Thursday 5 January 2017

Israel continues to be unfairly singled out by Un and the world

Alan Landau takes the words right out of my mouth in his letter to the editor of the South China Morning Post on 3 January.  I'd been planning a letter of my own pretty much along the same lines, but had not got around to it.
Good on Mr Landau!
Yonden Lhatoo rhetorically asks in his column (“Israel’s perplexing hold over America allows it to treat global opinion with contempt”, December 29), what it is about Israel that entitles it to treat the collective will of the world with contempt and defy the UN.
The answer is that Israel continues to be unfairly singled out by the world and the UN in the most biased fashion.
While the Security Council reprimands Israel, two permanent members of that council, China and Russia, are themselves occupying powers. China occupies Tibet and Russia occupies, just most recently, Crimea.
These are just two of the most brazen examples of UN members that occupy territory.

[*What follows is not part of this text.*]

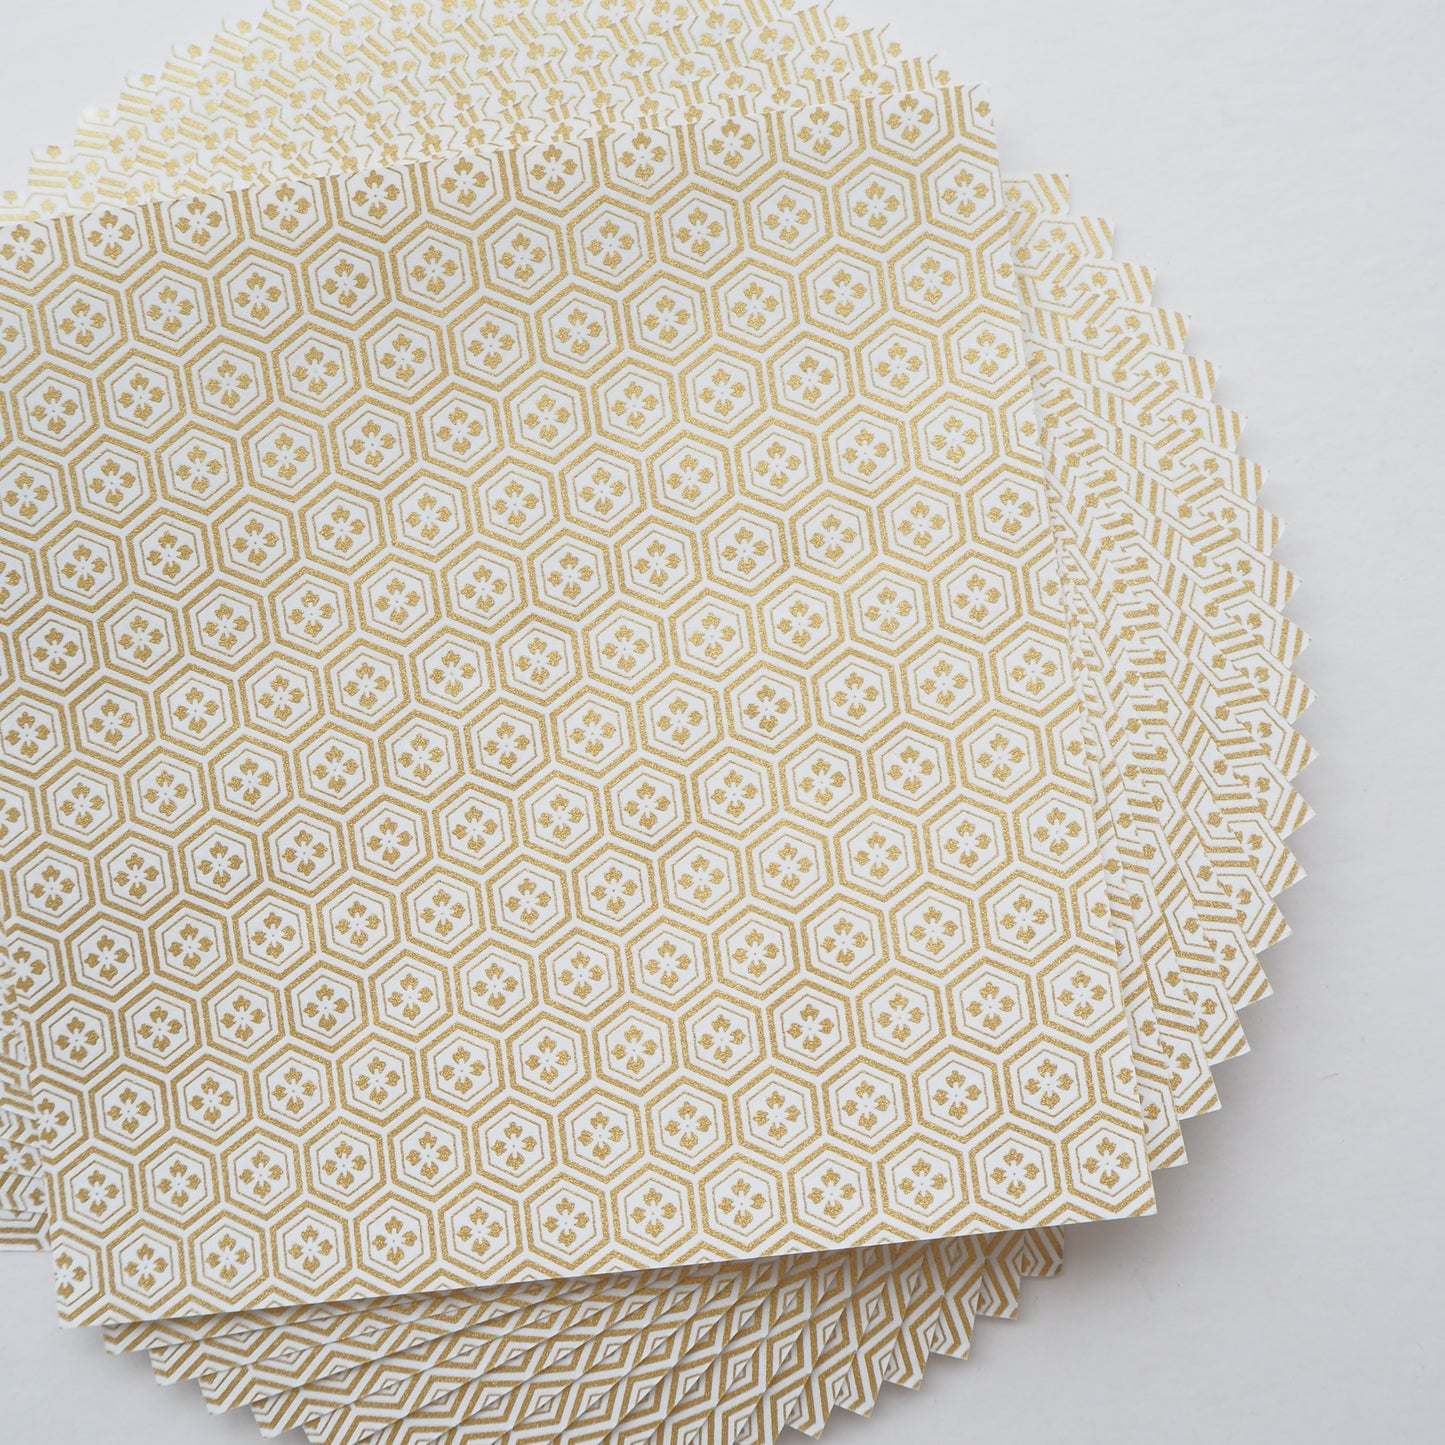 Pack of 20 Sheets 14x14cm Yuzen Washi Origami Paper HZ-375 - White Gold Tortoiseshell Diamond Flower

There are literally 200 disputed territories in the world, including Cyprus, which Turkey partially occupies, and Western Sahara, which Morocco occupies. Yet, the UN singularly decries Israel’s so-called occupation of “Palestinian territories”.
Are these territories in fact “occupied”? The facts are clear. Israel took these lands in a defensive war in 1967 from Jordan, not from the Palestinians. The UN offered the Palestinians a country in 1947, but the Palestinians rejected it. Palestinian land was not taken, because there was not then, nor has there ever been, a sovereign country called Palestine.
Even conceding these lands as “occupied”, it has been Israel, time and time again, that has offered peaceful resolutions to the conflict, including painful territorial concessions. In 2000, Israel offered more than 90 per cent of the West Bank and Gaza Strip. Yasser Arafat simply rejected the offer.
In 2008, Israel offered nearly 100 per cent of the West Bank and Gaza Strip, including east Jerusalem, but the Palestinians again rejected it. In 2005, Israel unilaterally withdrew from Gaza. The Palestinian response was to launch more than 10,000 rockets and missiles into Israel over the course of the last 10 years.
Israel deems the UN biased. The UN Human Rights Council is another prime example. Since its founding in 2006, it has condemned Israel more than 60 times, while condemning every country in the entire world collectively only a dozen times. No rational person could possibly believe that Israel is a greater violator of human rights than North Korea and Syria, but the UN seems to think so.
Lhatoo suggests that the US Congress is “Israel-occupied territory”, but it is not the US Congress that is occupied by Israel, it is the UN that is occupied by the Palestinians.